The central conflicts in Disgraced are generated by the prejudices that characterize
American culture and politics in the post-9/11 era. Set in New York City in 2011 and
2012, approximately a decade after the September 11, 2001 terror attacks that brought
down the Twin Towers in Lower Manhattan, the play shows characters living in the
shadow of the traumatic event. Within two months of the attacks, the U.S. Congress
passed the Patriot Act, a controversial set of laws that saw dramatic increases in the rights
of government bodies to surveil, investigate, detain, and prosecute civilians in the name
of counter-terrorism—particularly civilians with Muslim backgrounds. In Disgraced,
Imam Fareed is prosecuted under the Patriot Act under suspicion of funding terrorism;
similarly, the FBI questions Abe after his friend Tariq utters inflammatory threats at a
Starbucks, and Abe suspects the FBI is going to pressure him into cooperating with the
FBI by entrapping extremists at his mosque. While the characters of Muslim background
face dire threats to their freedom, Isaac—a white man—complains about heightened
security measures at American airports, which is how he experiences the negative impact
of the Patriot Act. In response, Amir reveals that he submits to the added scrutiny at
airports by giving himself over to officials for questioning whenever he flies. With this
contrast, Akhtar illuminates one of many stark differences in how Muslim-minority
identities and white Americans experience daily reality in the post-9/11 era.

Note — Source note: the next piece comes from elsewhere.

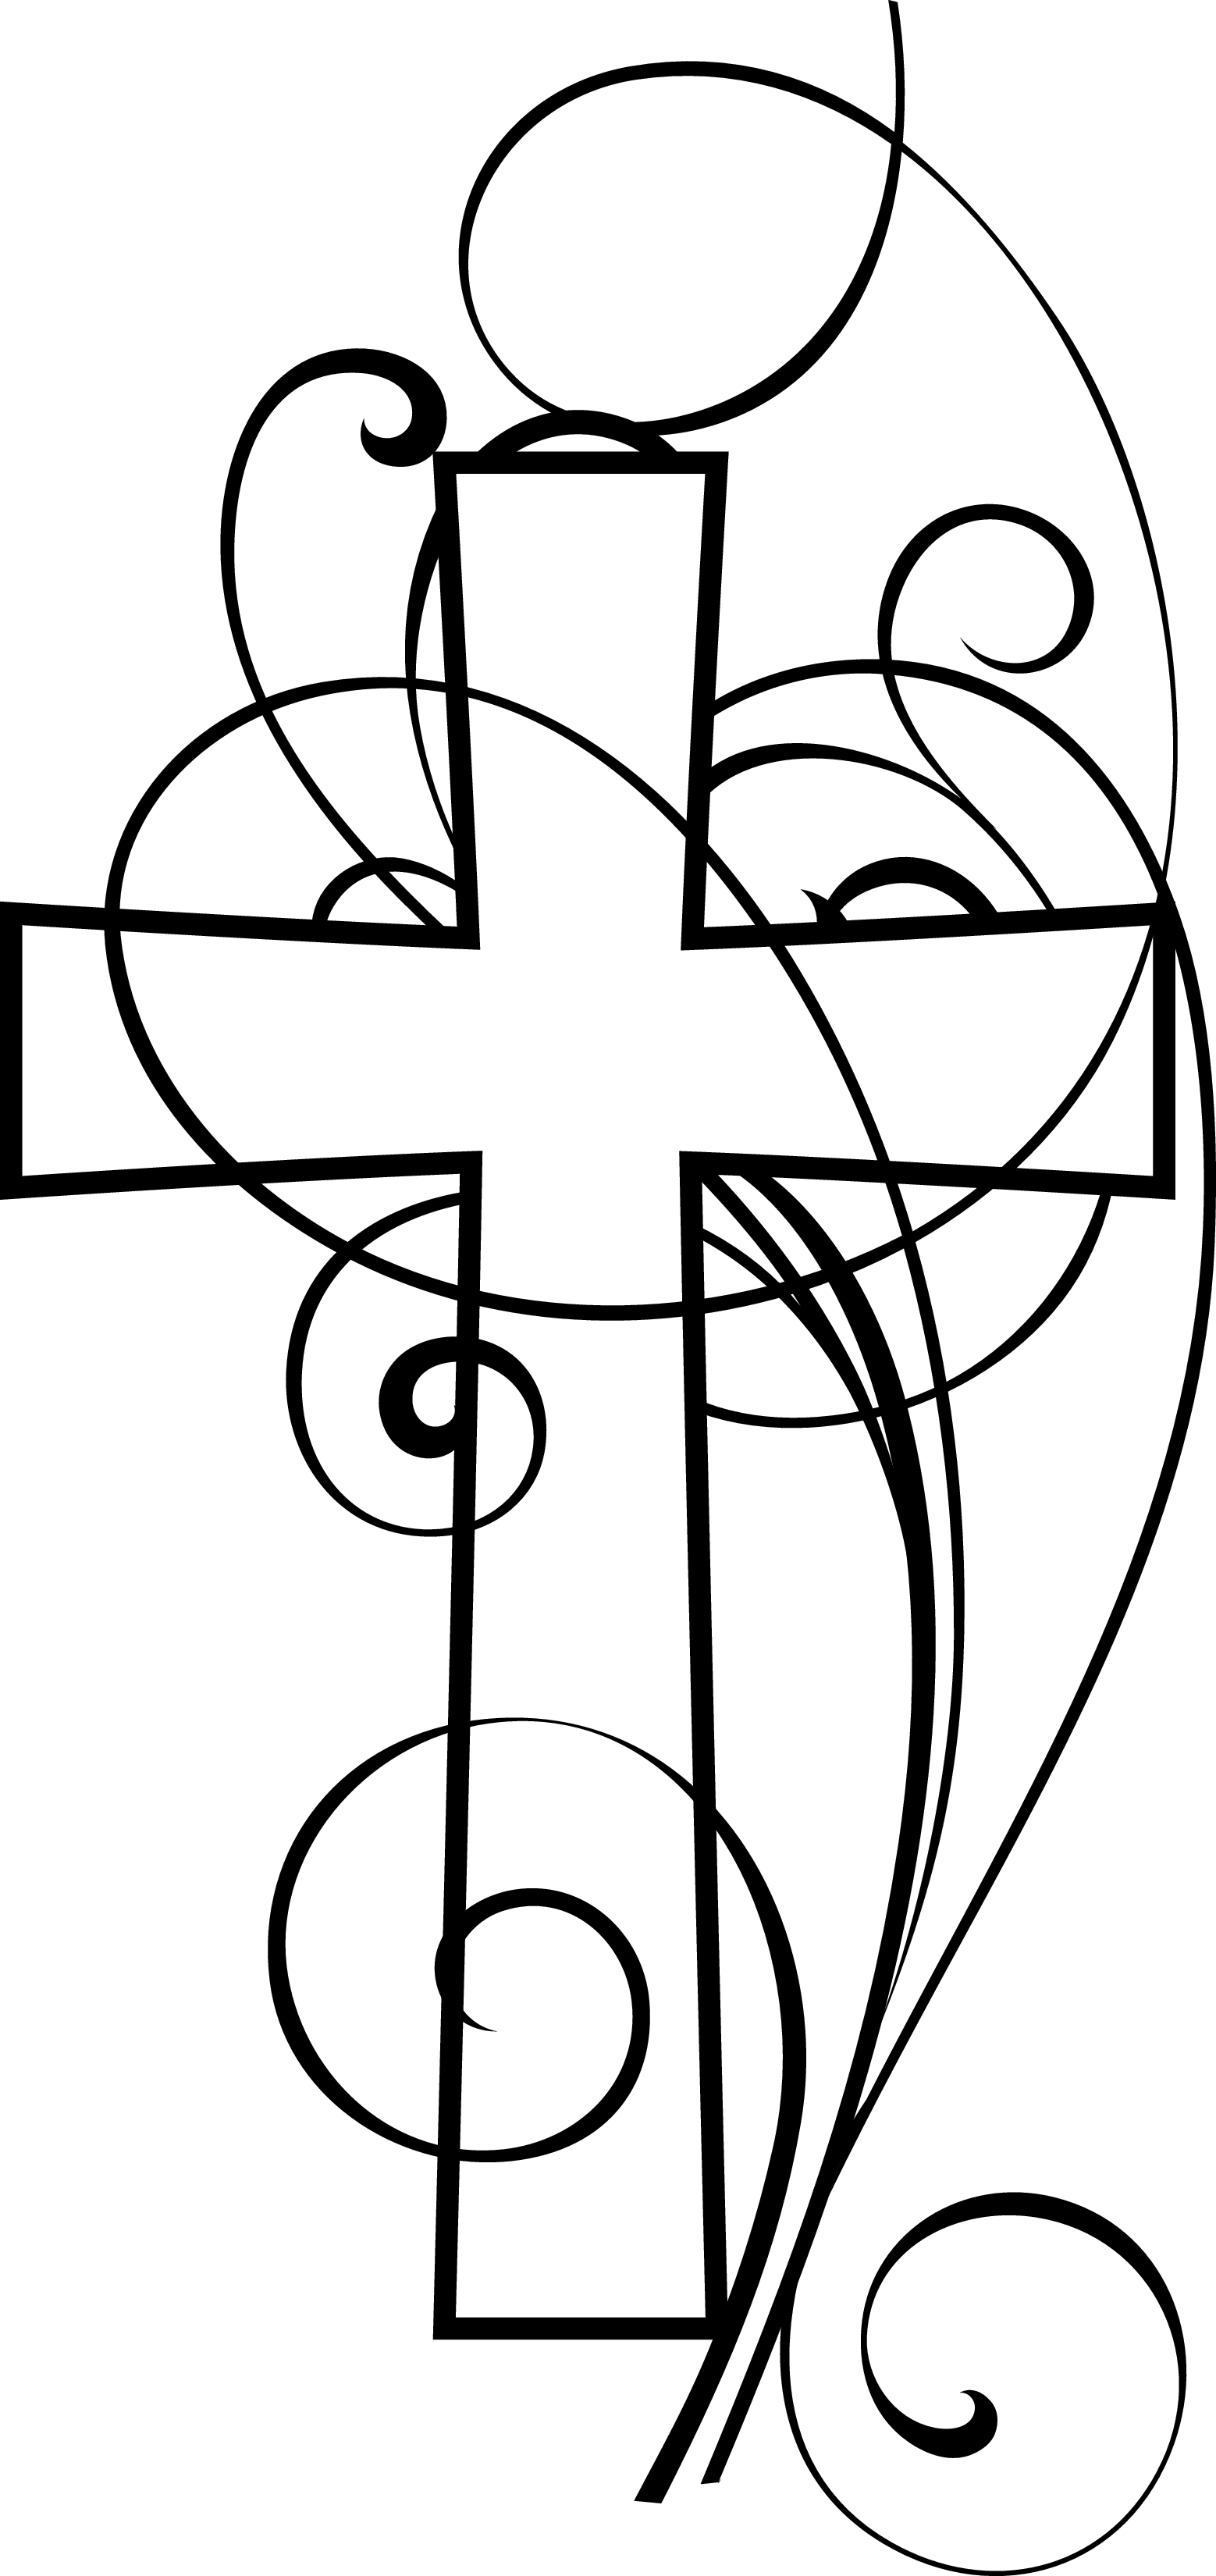 free clip art cross and bible - photo #47

Islamophobia—a fear, dislike, or prejudice against the religion of Islam and its Muslim
followers—is one of the central themes in Disgraced. Akhtar introduces the theme early
in the play by having Emily and Amir discuss how a waiter stared at Amir the night
before; Emily interprets this example of the everyday racism that Muslim-background
characters experience as exposing the gap between what the waiter assumed about Amir
and who Amir "really is." Because of the Islamophobia that pervades American culture as
a result of the "war on terror" the Bush administration launched in the wake of the 9/11
attacks, Amir changes his name to obscure his Muslim background, worrying he will be
associated with terrorism and refused opportunities to advance in his career. The
pervasive suspicion Muslims face also leads Hussein to change his name to Abe, an
allusion to Abraham Lincoln. Ironically, Amir reveals that he holds Islamophobic ideas
himself: to counter Isaac's and Emily's "well-intentioned" but "naïve" embrace of Islamic
traditional art, Amir launches into a lengthy explanation of the brutality he sees as
inherent to the Quran, and says that, "The next terrorist attack is probably gonna come
from some guy who more or less looks like me." Amir's Islamophobia is complicated
further when he supports his argument by admitting that hateful aspects of Islam still live
within him despite his efforts to root them out, and that he felt a blush of pride when the
Twin Towers fell because it meant Islam was "finally winning." With this paradoxical
element of Amir's identity established, Akhtar invites the audience to question whether
Amir's negative reading of Islam is based on a good-faith interpretation of the Quran or a
fear of the crueler tendencies Amir perceives within himself.